How Do I Pay Myself From My LLC- Salary or Draw | BizFilings (2024)

If you’re thinking of organizing your business as a limited liability company (LLC), or have already made the move, one of the most important questions you may have is, “how do I pay myself?”
Well, it depends.

How you pay yourself if you form an LLC can differ depending on whether you are the sole member (owners of an LLC are called “members”) or if your LLC has more than one member.

The IRS also has strict guidelines about how LLC members are paid and how those earnings are reported or classified on your tax return (known as a tax election). By default, an LLC is taxed as a sole proprietorship (if it has one member) or a partnership (if it has more than one member).
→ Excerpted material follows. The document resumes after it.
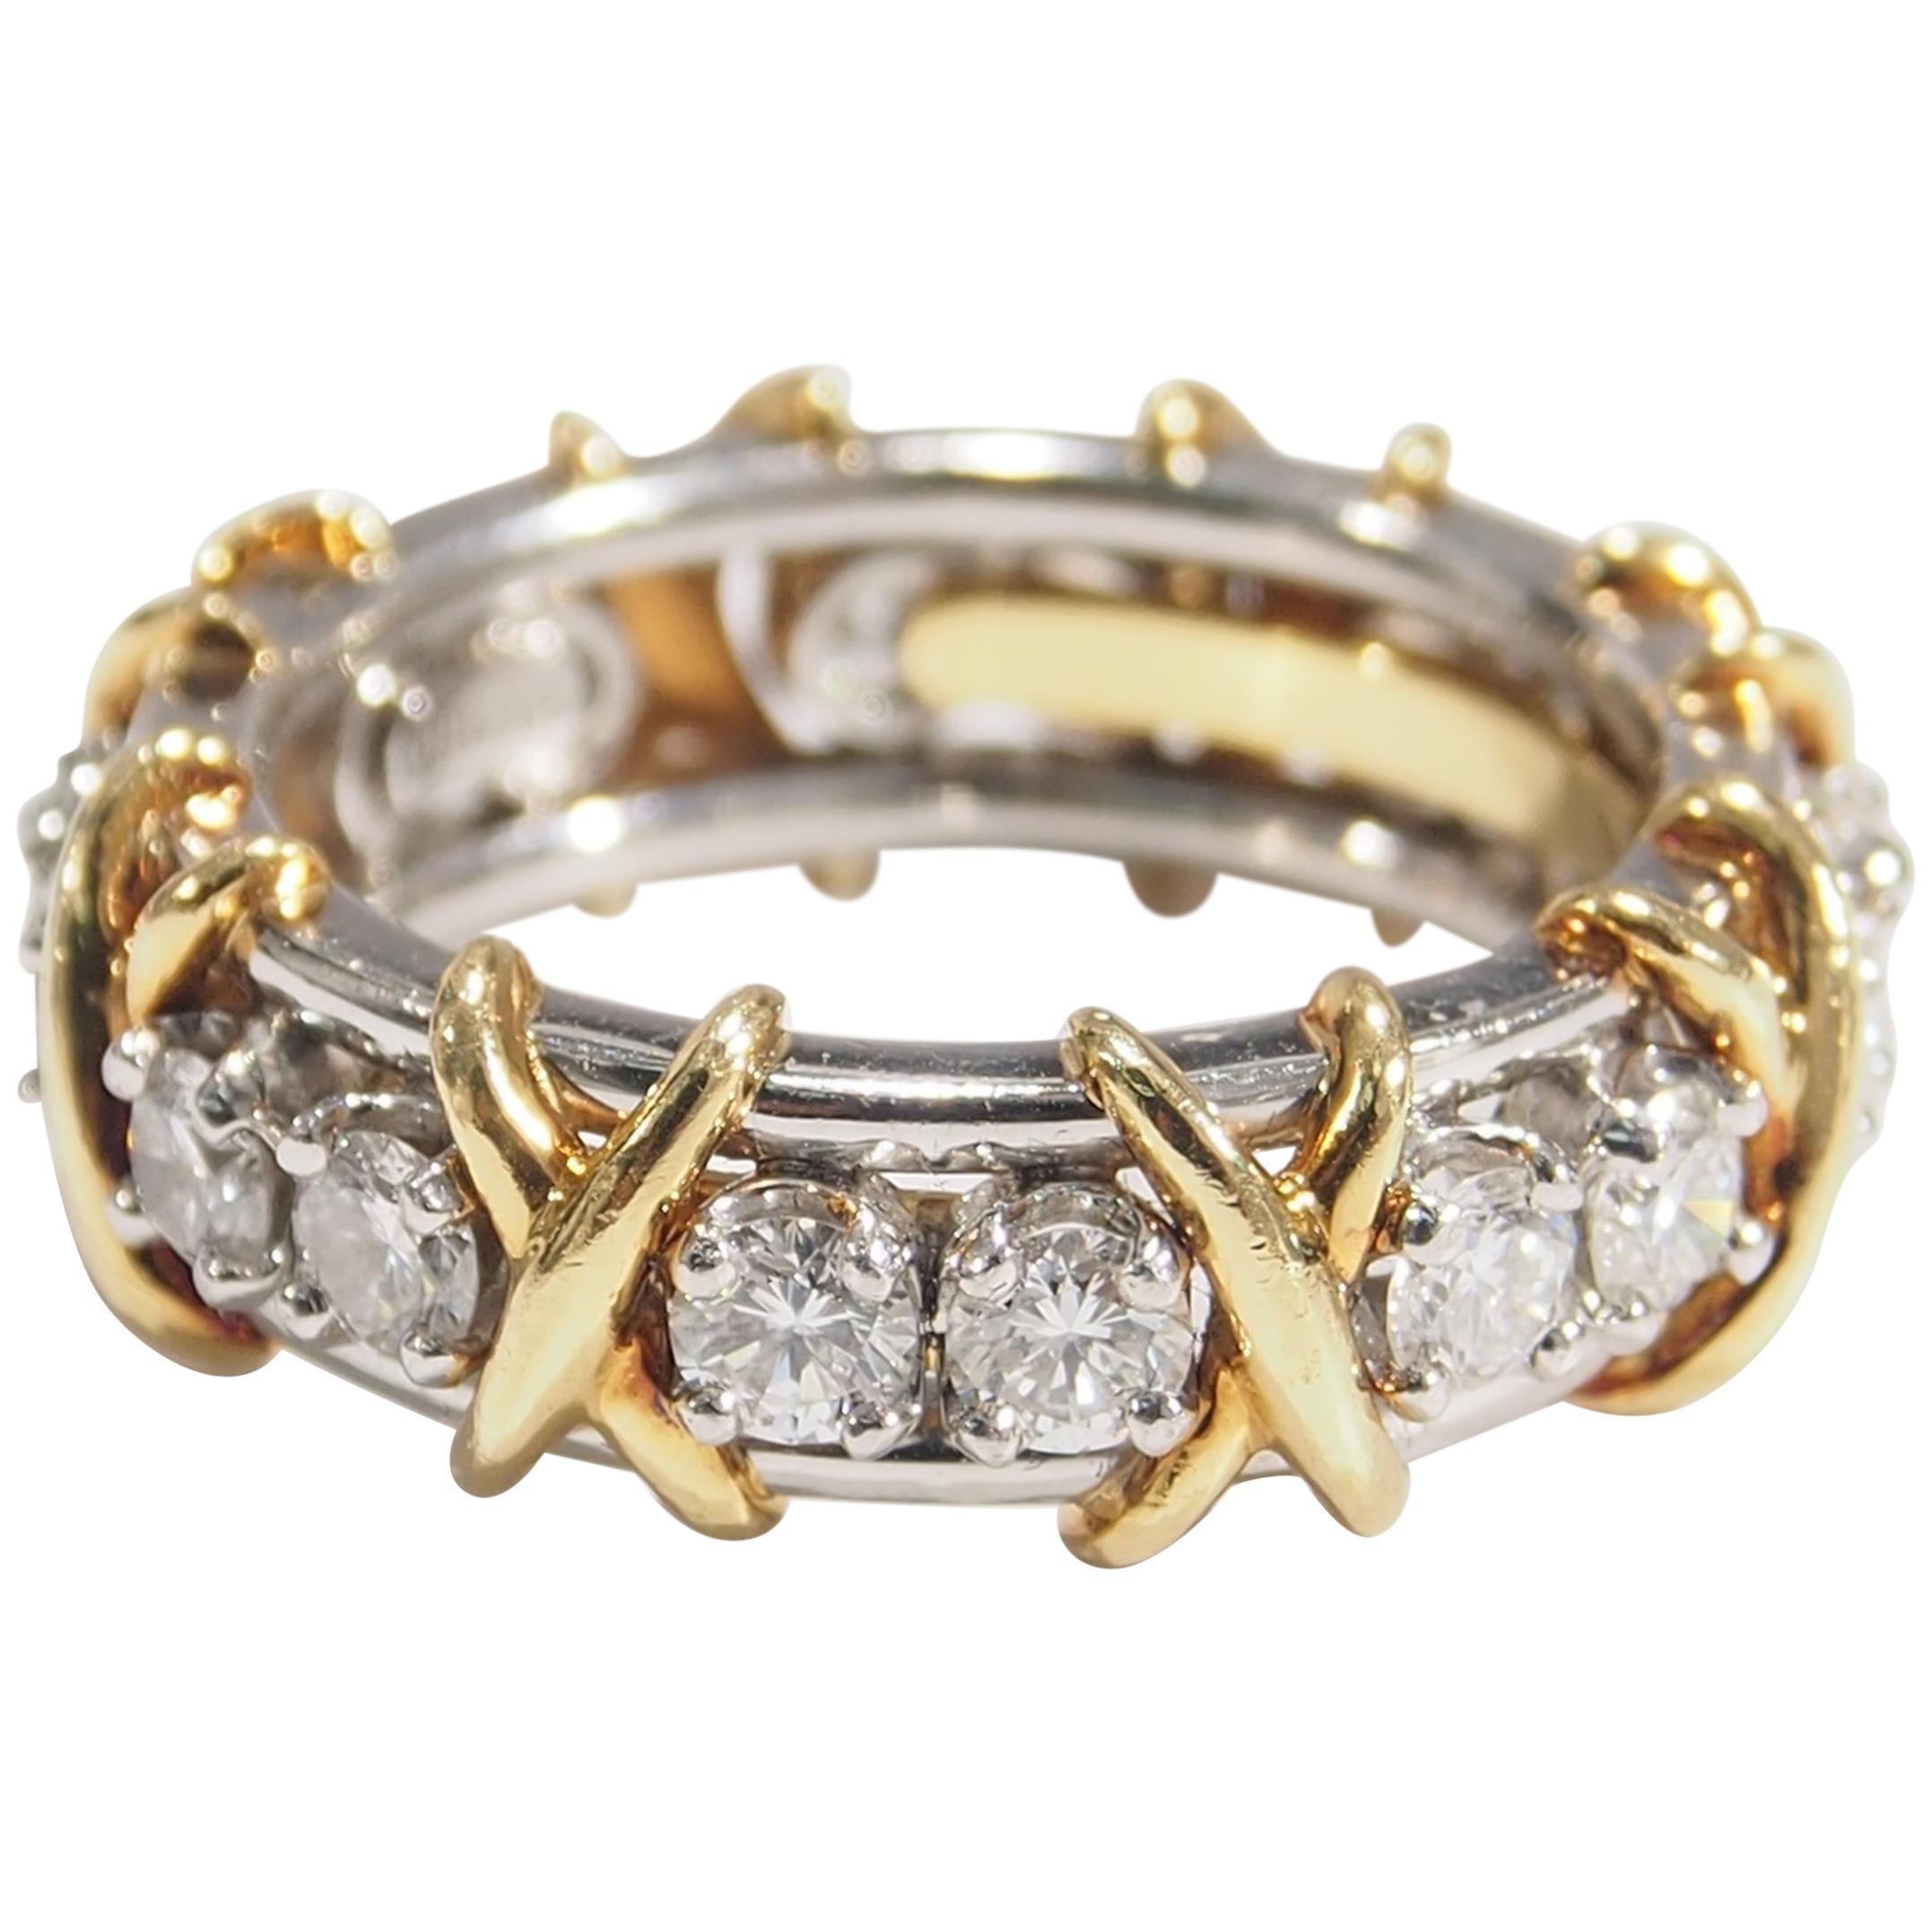 18 Karat Tiffany and Co Schlumberger Diamond Ring Platinum Yellow Gold

But you could also elect to have your LLC be treated as an S corporation or C corporation.

If your LLC is taxed according to the default rules the members cannot be considered as employees and cannot receive a salary. However, if you choose to have the LLC taxed as a corporation, the members who actively work for the LLC can be considered employees and can receive a salary.

In this article, we’ll focus on LLC owner payments based on the default classifications, whether the LLC is a single-member or multi-member entity. We will also discuss the consequences if the LLC opts out of the default classification.

Getting paid as a single-member LLC

If you’re the sole member of the LLC, then it’s considered a single-member company and will be taxed as if it’s a sole proprietorship (unless you elect to be treated as a corporation).

However, you are not paid like a sole proprietor where your business’ earnings are your salary. Instead, you are paid directly through what is known as an “owner’s draw” from the profits that your company earns. This means you withdraw funds from your business for personal use.

This is done by simply writing yourself a business check or (if your bank allows) transferring money from your business bank account to your personal account.

Tax requirements for a single-member LLC

It’s important to note that no matter how much you “draw” to pay your salary, your business is still taxed on all its profits for the year.

If you choose not to elect corporation status, the IRS considers the LLC a “disregarded entity.” This means that the business is not separate from the owner and you’d report all your LLC’s profits or losses on Schedule C.

What about payroll taxes?

Well, because you are a single-member LLC, you are not considered an employee of the business. Basically, you are the business. Social Security and Medicare contributions are not withheld. Instead, you must report and pay self-employment taxes as if you were a sole proprietor.

If you elect to have your LLC be taxed as a corporation, then you can be considered an employee. You can receive a “reasonable” salary. Income taxes, Social Security, Medicare, etc. are withheld.

Getting paid as a multi-member LLC

If you are one of the owners of a multi-member LLC, you are treated as if you are a partner in a general partnership. The exception to the rule is if you elect to be treated as a corporation for tax purposes.

Each member has a capital account. To get paid, LLC members take a draw from their capital account. Payment is usually made by a business check. They can also receive non-salary payments or “guaranteed payments” — basically a payment that is made regardless of whether the LLC has generated any net income that month or quarter. This ensures cash flow for each LLC member during unprofitable periods.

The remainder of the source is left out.